I should say first that I don’t believe in any way that anyone is arguing from a bad place. I appreciate all the work that is done, and find the ergonomics initiative a very good idea. I don’t think any of them aren’t worth it or anything like that, quite the opposite.
I believe part of the problem is that it is really hard to have a feeling about the language-future if you’re only following it down to a certain level. The match ergonomics changes were a good example for me. While the finally accepted RFC has a more conservative scope, I get the feeling that it is considered a first step. The lifetime elision discussion had talk about re-using the ref keyword, and that epochs and the match ergonomics make it available.
These can be quick brainstormed thoughts, or they could be changes the driving members are really passionate about. When you’re just following along, these things are really hard to tell. Similar effect with the dyn Trait changes. In some places I’ve heard it being talked about as a certainty. But that might have been just excitement.
As for the word “explicit,” I’m not sure I know a better one for “details specified more precisely and verified by the compiler,” which is usually my main concern.
I’m not sure what a good solution would look like. To me a solution would be for such things to be argued into #![feature(..)] mode first, and once that worked out it’s final default form is decided. Does that make sense phrasing wise? That defaulting is a separate concern to the feature?

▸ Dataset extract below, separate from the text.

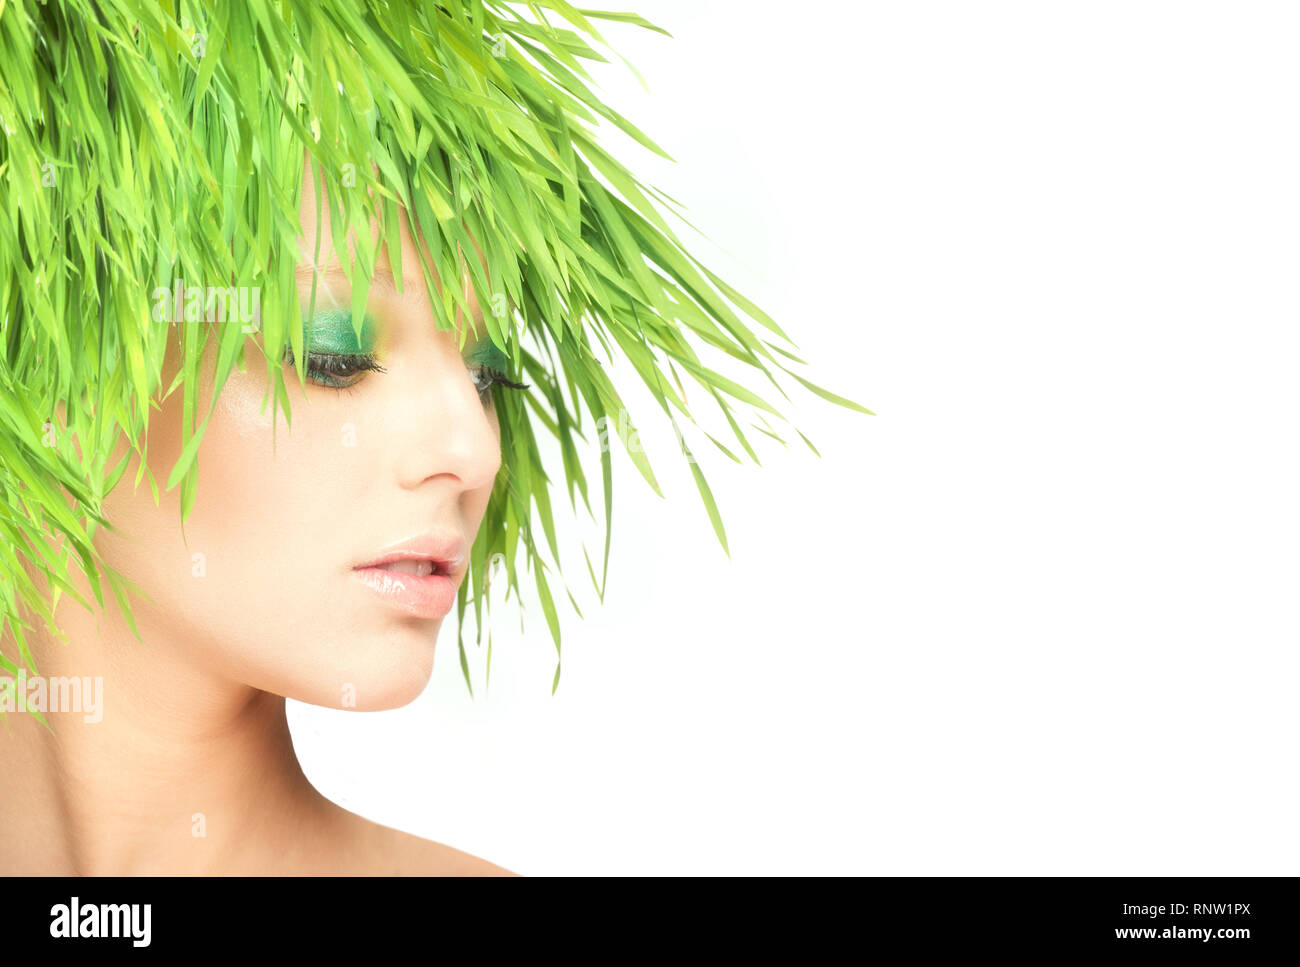 Nature beauty woman with fresh grass hair Stock Photo

Most of these features (match, extern crate, mod) should already have big wins even when they’re still under a stable feature flag. And even if an epoch or future version turns those features on by default, if I can #![feature(explicit_bindings, explicit_mods, explicit_deps)] I’m still happy, because I still have the possibility. My worries start when the discussion seems to be about removing those abilities. You could say I’d prefer a more capable Rust to a new Rust.
Looking back over the ergonomics parts that I worry about, they’re all about hiding details. Which can be an immense win, but personally I do often care about those details. That’s why I liked the spirit of the new lifetime elision talks, because they unhide where elision is happening.